▶ _Task details_:
Copy each line below word for word and drop every image.

▶ _Dataset extract_:
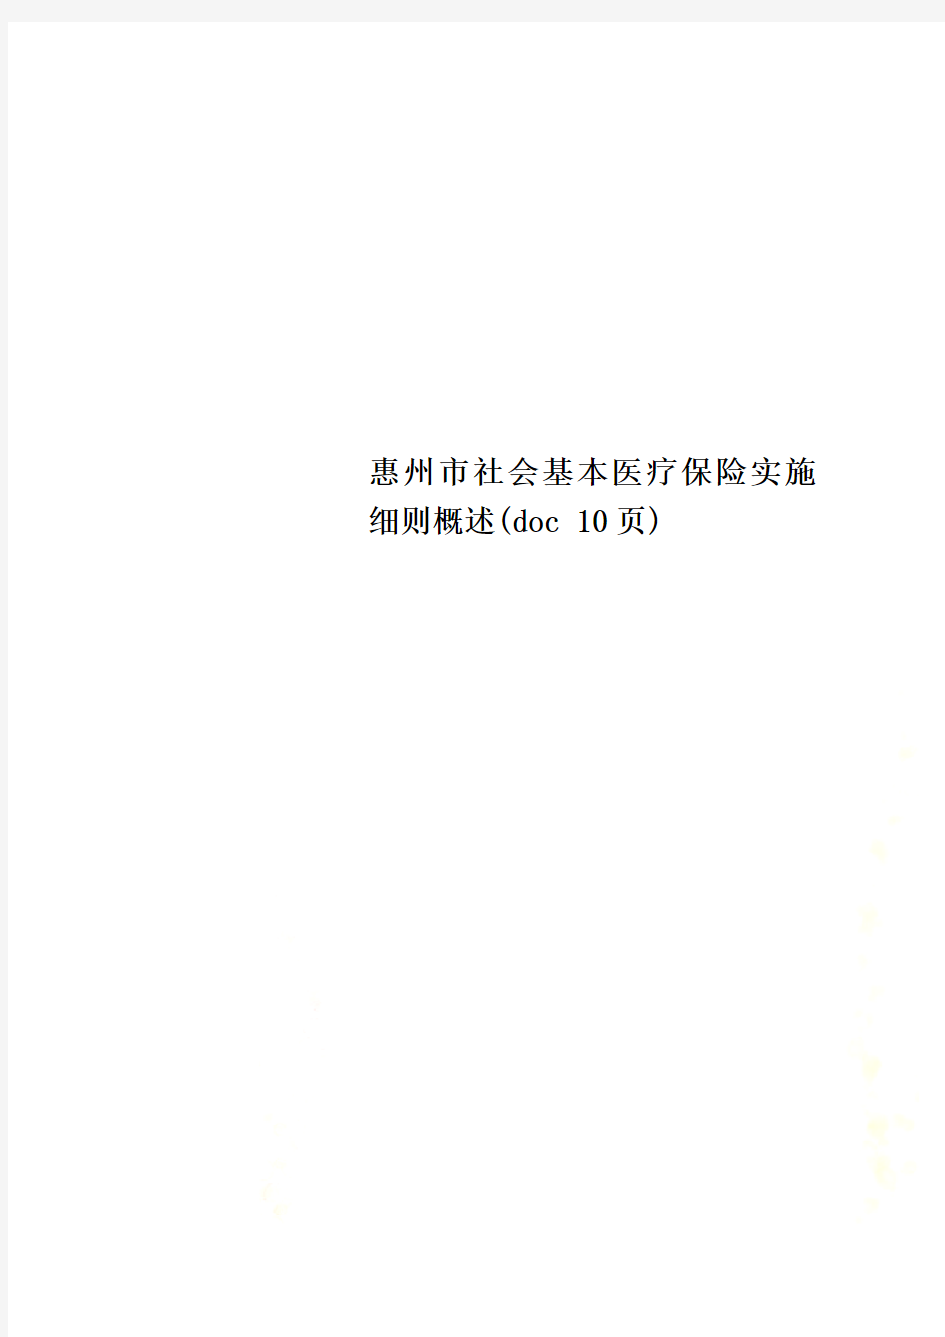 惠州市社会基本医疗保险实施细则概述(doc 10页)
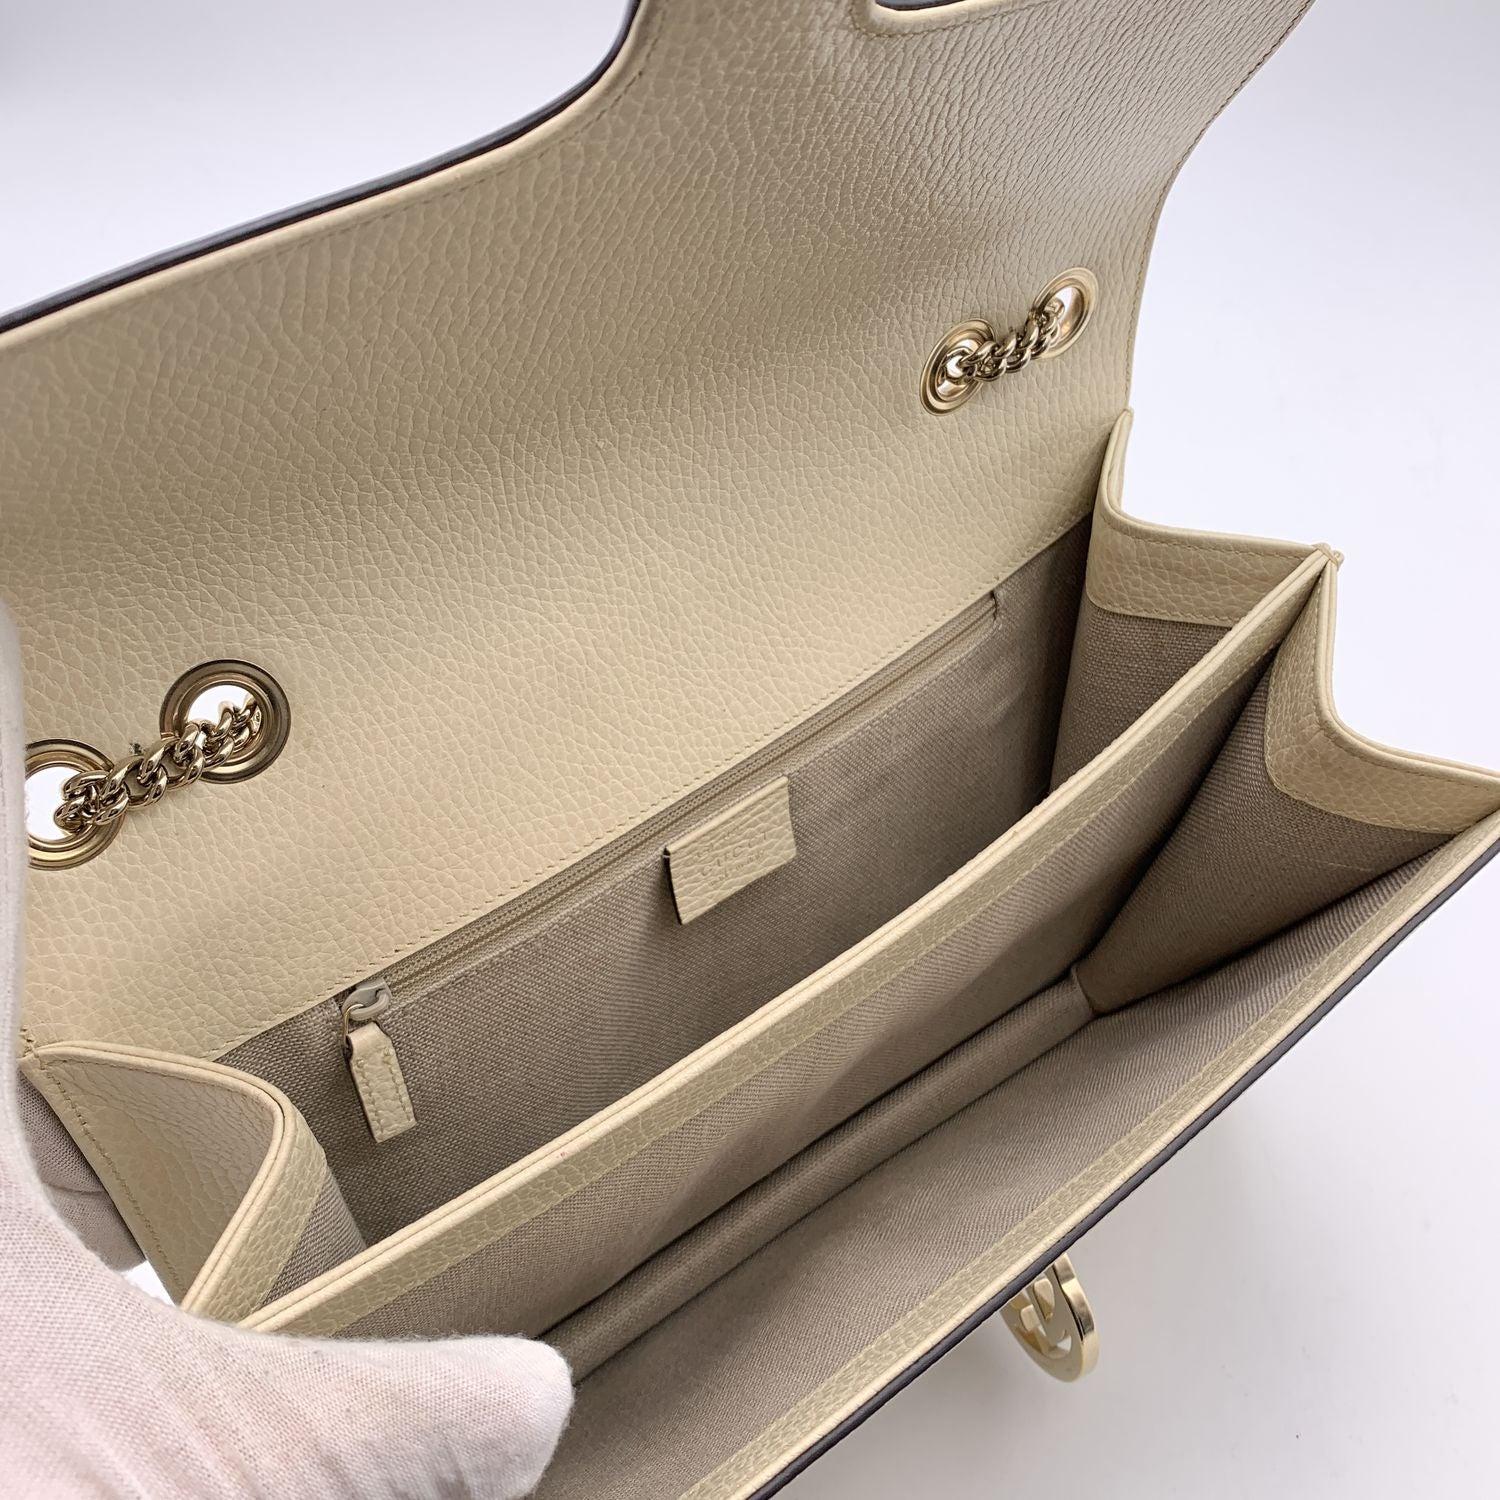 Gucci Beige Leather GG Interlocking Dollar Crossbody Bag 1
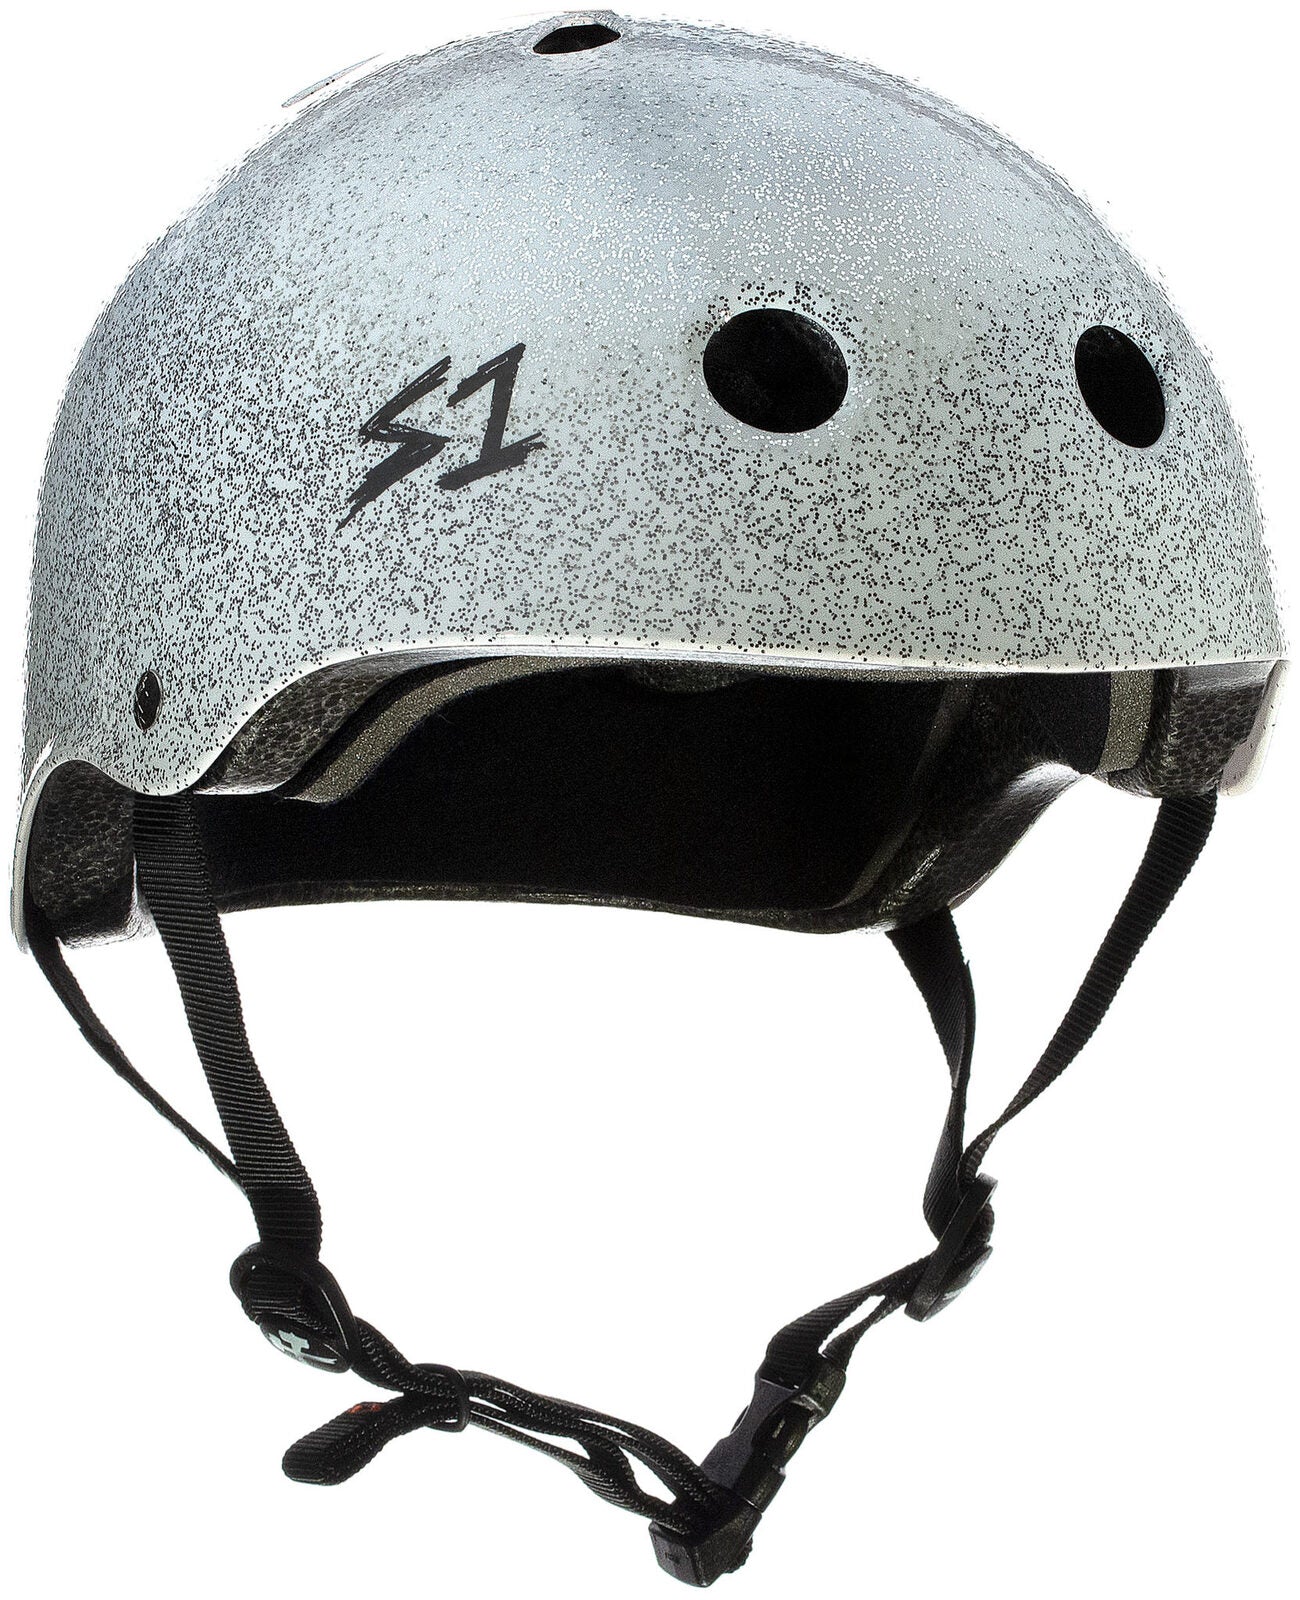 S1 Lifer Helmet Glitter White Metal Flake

▶ _Solution for this exercise_:
 惠州市社会基本医疗保险实施细则概述(doc 10页)
 Gucci Beige Leather GG Interlocking Dollar Crossbody Bag 1
 S1 Lifer Helmet Glitter White Metal Flake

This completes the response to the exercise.